Кожаков посмеивался, оглядываясь назад, Бек пожимал плечом и бормотал время от времени немецкие ругательства, что явилось признаком отличного настроения, а Карцев, слушая одним ухом шалоновский вздор, смотрел в степь.
Чуть холмистая задумчивая равнина, синие мачты-раскоряки электропередач, солнечная пыль в лепестках цветущей по обочинам дороги пастушьей сумки…
Проселок метался под колесами машины, то сворачивая вдруг круто в сторону, то выпрямляясь, уходя в бледное, будто солью посыпанное небо, и тогда оно казалось совсем близко.
Киян заметил приближение гостей с веранды своего дома, вышел на крыльцо, пригласил зайти прохладиться с дороги ядреным кваском, а точнее, запить кваском чарку–другую, пока суд да дело…
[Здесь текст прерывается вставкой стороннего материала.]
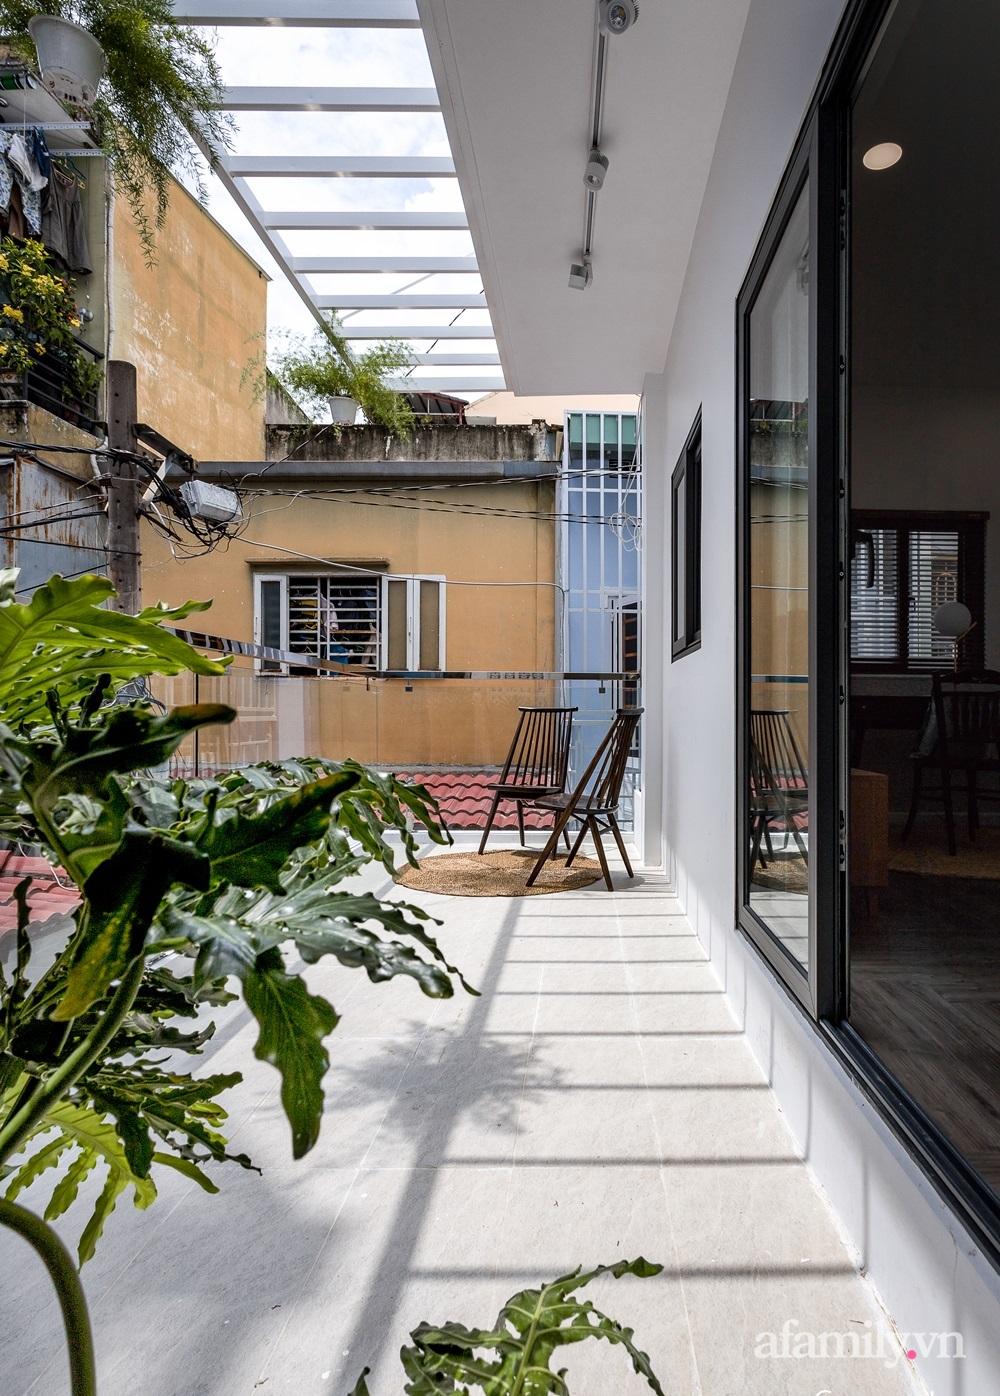 Căn nhà phố cũ kỹ rộng 80m² được cải tạo đẹp tiện nghi với gam màu sáng có chi phí 650 triệu đồng - Ảnh 16.

— Имейте в виду, Максим Терентьевич, этот чревоугодник, — показал Шалонов на Маркела, — выдающийся по жареным окунькам. Он прибыл, главным образом, чтобы дать сеанс показательного лова в Кирюшке.
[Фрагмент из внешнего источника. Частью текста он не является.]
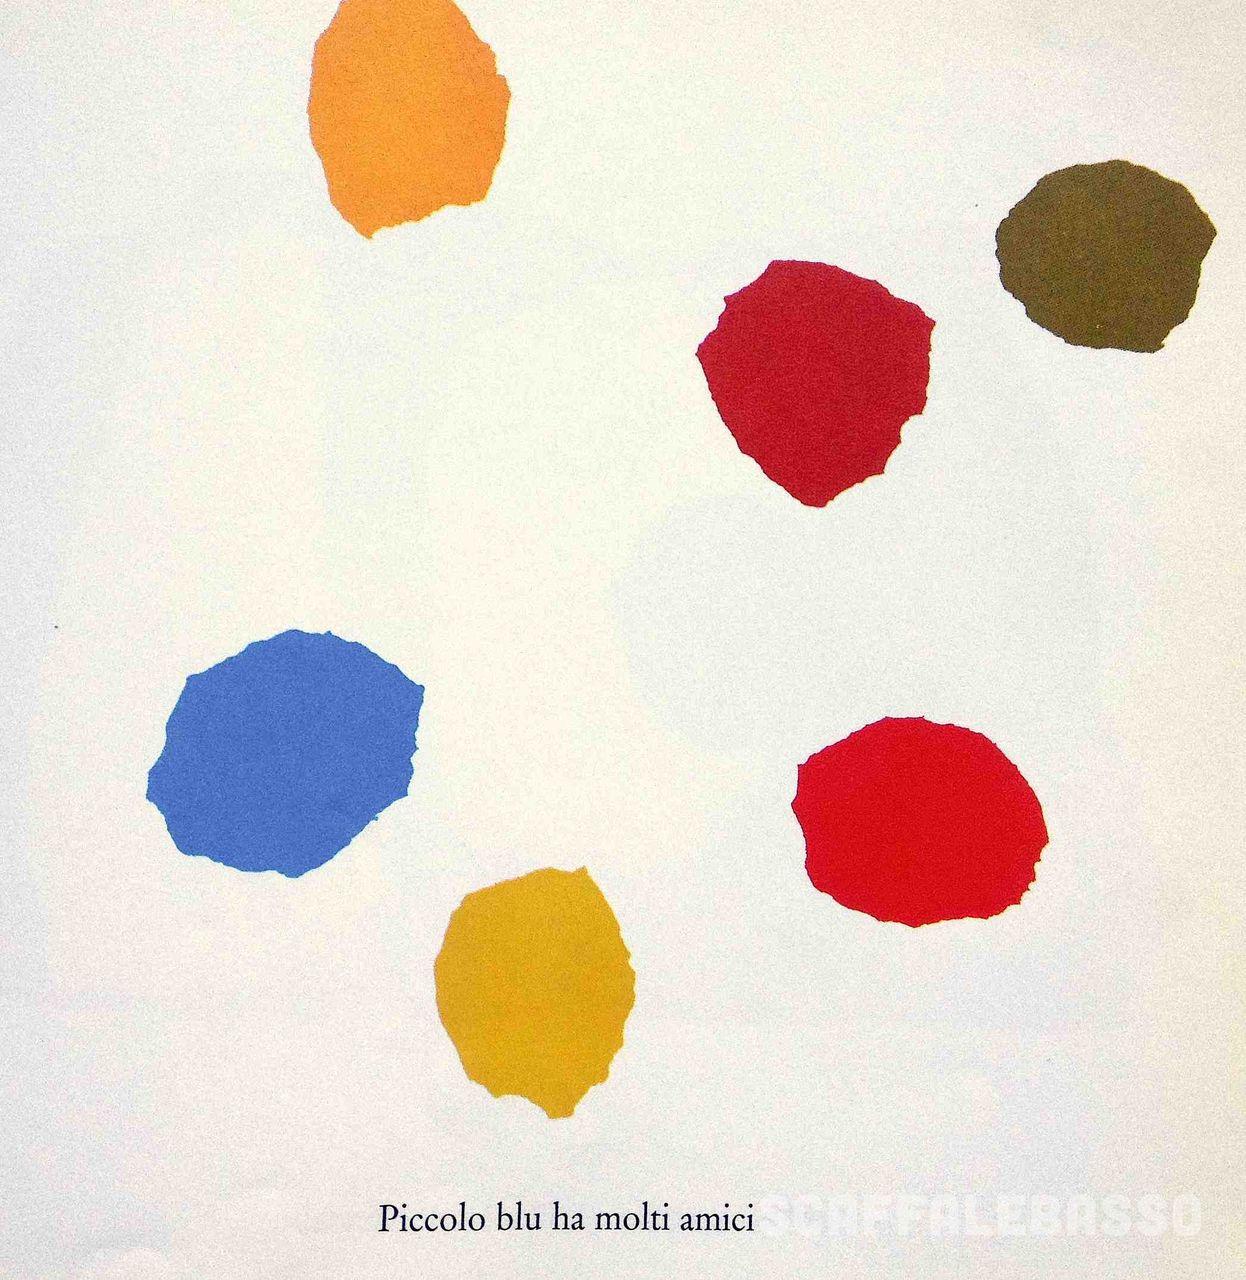 Leo Lionni, Piccolo blu e piccolo giallo, Babalibri

— В Кирюшке? — засмеялся Киян. — Что же, на здоровье! Кому еше, как не вам, фронтовикам, любить нефтяную уху…
После короткого отдыха отправились дальше. Киян надел черный морской пиджак в галунах и с орденами, залез в свой «газик» и, оставляя позади рыжий пух пыли, понесся впереди гостей к собственному, как он выразился, морю.
Морем его оказался довольно широкий пруд в балке возле вишневого сада. На берегу виднелись трехтонка, две палатки. Мелькали цветастые платья женщин, майки мужчин, курили дымом. В противне, устроенном на камнях, томились в сметане караси, рядом над лопотавшим пламенем свисала с треноги здоровенная кастрюля с окуневой ухой.
— Маркел, пиши завещание, ибо здесь ты и падешь жертвой собственного обжорства, — изрек пророчески Шалонов, прищелкнув языком. Маркел нюхнул воздух и расплылся в молчаливой блаженной улыбке на все тридцать два зуба.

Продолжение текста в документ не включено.